English phrases | Russian phrases | Turkish phrases
Translate.vc / Turc → Anglais / [ B ] / Bana inanmak zorundasın

Bana inanmak zorundasın traduction Anglais

463 traduction parallèle
Bana inanmak zorundasın Hilfe.
You have to believe me, Hilfe.
Senin için kolay olmadığını biliyorum Henry, ama bana inanmak zorundasın.
I know it isn't easy, but you've got to take me on faith.
Bana inanmak zorundasın.
You've got to believe me.
Bana inanmak zorundasın.
You have to believe me.
Bana inanmak zorundasınız.
You've got to believe me.
Bana inanmak zorundasın!
You've got to believe me!
Bana inanmak zorundasınız!
You have to believe me!
Hayır, bana inanmak zorundasın.
No, you've got to believe me.
Johs, bana inanmak zorundasın!
Johs, you have to believe me!
- Bana inanmak zorundasın.
- You've got to believe me.
Bana inanmak zorundasın.
Roberta, you've got to believe me.
Bana inanmak zorundasın.
You must believe me.
Bana inanmak zorundasınız! Gerçek kurşunlar ve gerçek kan.
With real bullets... and real blood,
Bana inanmak zorundasın.
Now, you've got to believe me.
Bana inanmak zorundasınız!
You must believe me!
-... içinde yeniden başlayacak. - Bana inanmak zorundasınız!
- You've got to believe me.
- Bana inanmak zorundasınız!
You've gotta believe me!
Bana inanmak zorundasın.
Now you gotta believe me.
Bana inanmak zorundasın. Başka seçeneğin yok.
You're gonna have to take my word for it.
Ama Bay Vincent, bana inanmak zorundasınız.
But, Mr Vincent, you have to believe me.
Bana inanmak zorundasın!
You must believe it.
Bana inanmak zorundasın.
You got to believe me.
Ama bana inanmak zorundasınız, bu sandalyeler..... masum.
But you gotta believe me, these chairs... Are innocent.
Ve eğer biraz olsun dostumsan, bana inanmak zorundasın.
And if you're my friend, you would believe me a little.
Bana inanmak zorundasınız.
Look, you gotta believe me.
- Bana inanmak zorundasın. - Hayır.
- Now you must believe me.
- Bana inanmak zorundasınız.
- You gotta believe me.
Ama bana inanmak zorundasın.
But you've got to believe me.
Bay Poirot, bana inanmak zorundasınız. O anahtarı daha önce hiç görmedim.
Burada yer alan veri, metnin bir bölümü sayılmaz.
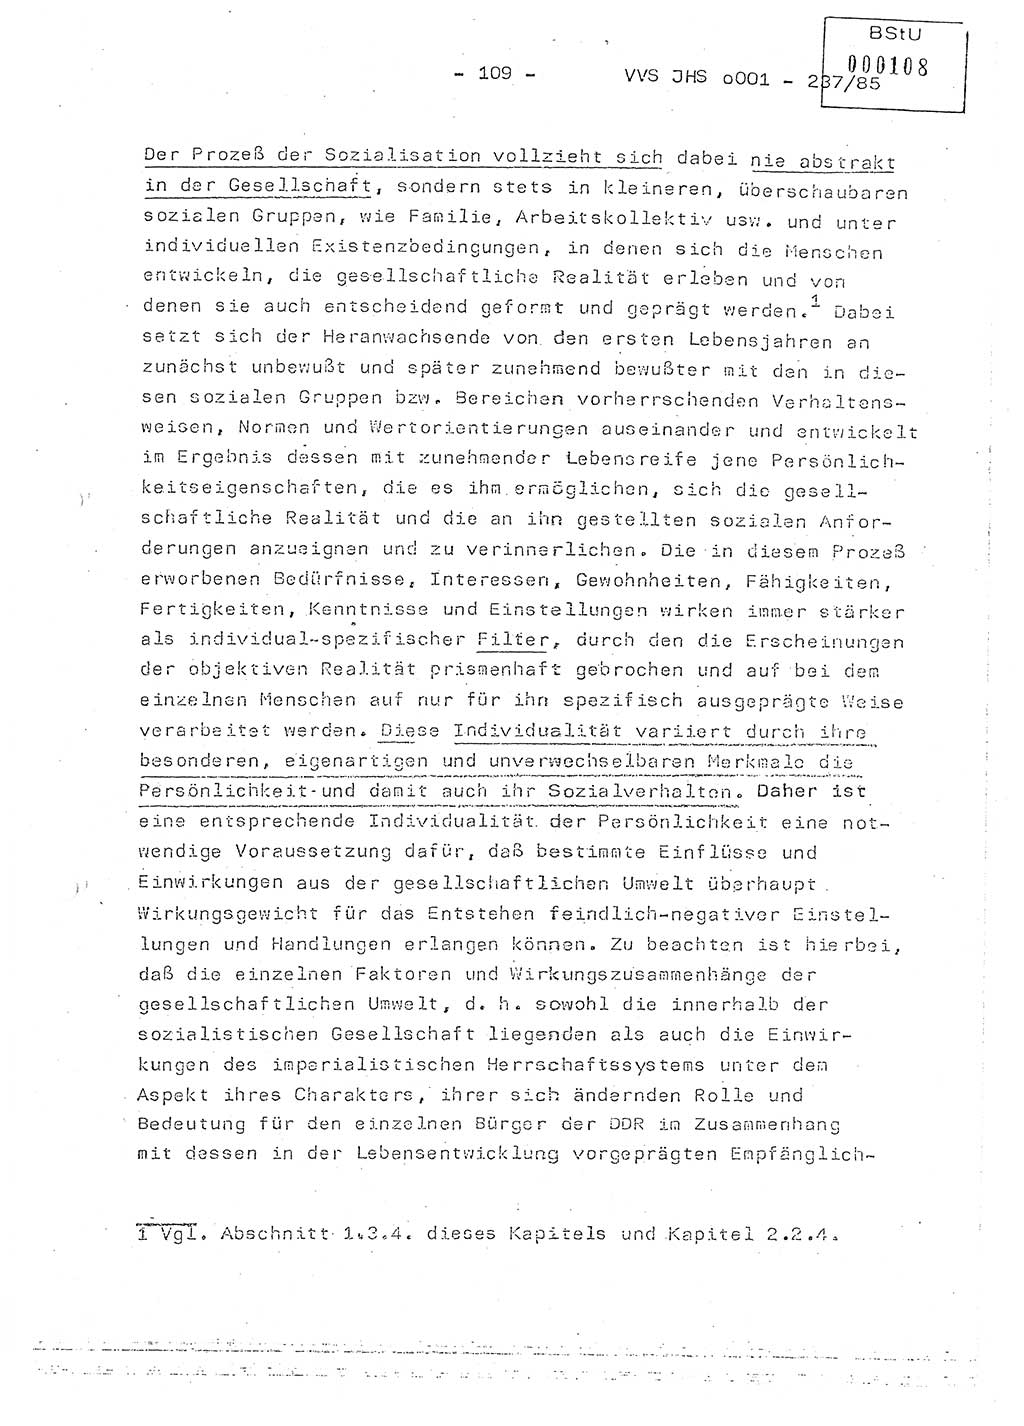 Dissertation Oberstleutnant Peter Jakulski (JHS), Oberstleutnat Christian Rudolph (HA Ⅸ), Major Horst Böttger (ZMD), Major Wolfgang Grüneberg (JHS), Major Albert Meutsch (JHS), Ministerium für Staatssicherheit (MfS) [Deutsche Demokratische Republik (DDR)], Juristische Hochschule (JHS), Vertrauliche Verschlußsache (VVS) o001-237/85, Potsdam 1985, Seite 109 (Diss. MfS DDR JHS VVS o001-237/85 1985, S. 109)
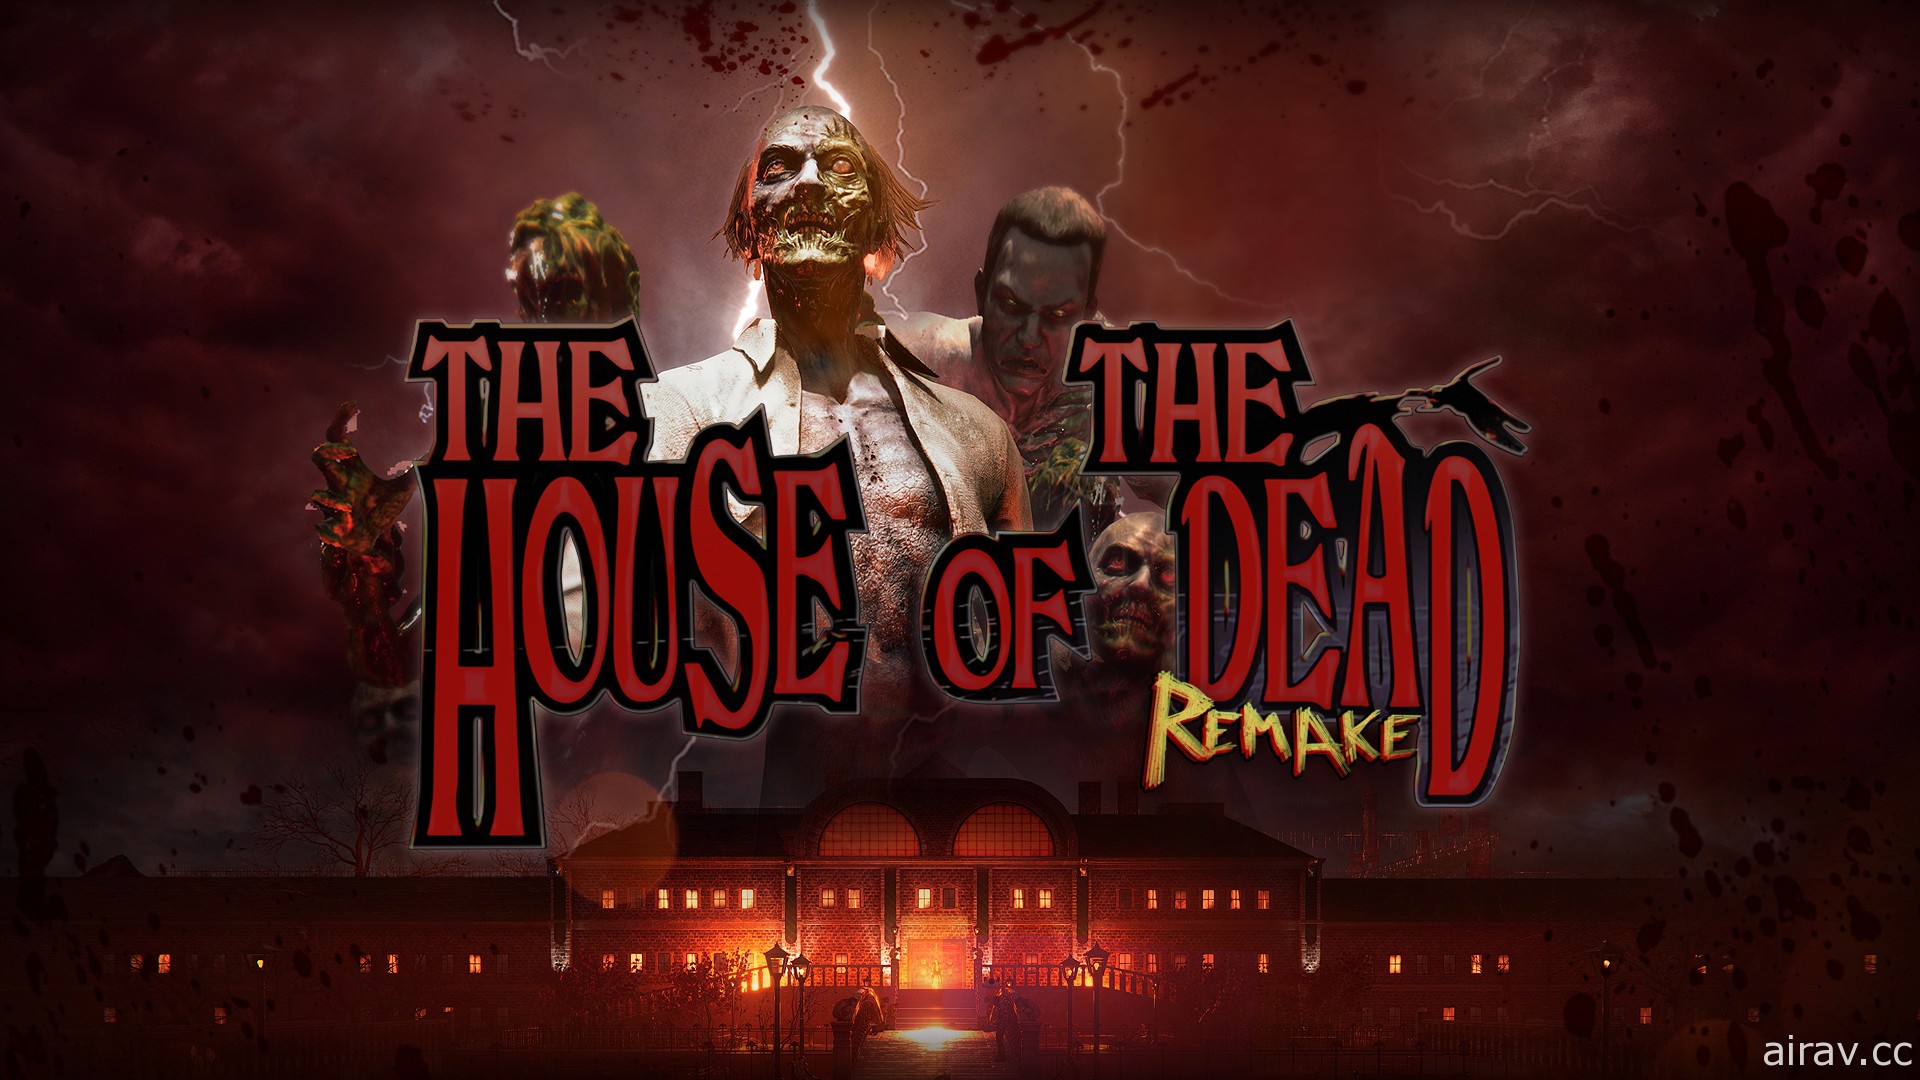 经典光线枪游戏重制《死亡鬼屋 重制版》2021 年登场 以全新画面与操控体验原味玩法

I already tried to dissuade it, I do not get them to myself.
- Lütfen, bana inanmak zorundasınız!
- Please, you must believe me!
Bana inanmak zorundasın.
You've got to believe me. I don't have to do anything!
Bana inanmak zorundasın.
You have to believe me!
Bana inanmak zorundasınız.
You must believe I'm with you.
Bana inanmak zorundasınız.
Now, you, you gotta believe me.
Sizin perspektifinizden, bu biraz garip gelebilir, ama bana inanmak zorundasınız.
This is going to sound a little crazy from your perspective, but you've got to trust me.
- Bana inanmak zorundasın Scully.
- You've gotta believe me, Scully.
Bana inanmak zorundasın!
- You got to believe me!
Bana inanmak zorundasınız.
You got to believe me.
Bana inanmak zorundasınız.
You have to believe me.
Kaptan, bana inanmak zorundasınız.
Captain, you have to believe me.
Çünkü bunlar gerçekten oluyor. Bana inanmak zorundasınız, bunlar gerçekten oluyor.
Because they really happen... and you gotta believe me, this is really happening.
Anne, bana inanmak zorundasın.
Mummy, you have to believe me.
- Phoebe, bana inanmak zorundasın.
- Phoebe, you have to believe me.
Şüphelerini bir tarafa koyup bana inanmak zorundasın.
You have to put your doubts aside and trust me.
Ama yalandı. Bana inanmak zorundasın, Arky.
But I lied, but you have to believe me, Arky!
Bana inanmak zorundasın!
You "have to" believe me!
Donna bak, bana inanmak zorundasın.
Donna, look, you have to believe me.
Bana istediğini yapabilirsin, ama inanmak zorundasın.
Do with me what you will, but this you must believe.
Bana inanmak zorundasın.
You've gotta believe me.
Ama önce bana inanmak zorundasın.
But you have to trust me.
Bana inanmak zorundasınız.
Is this the man you saw commit these terrible murders?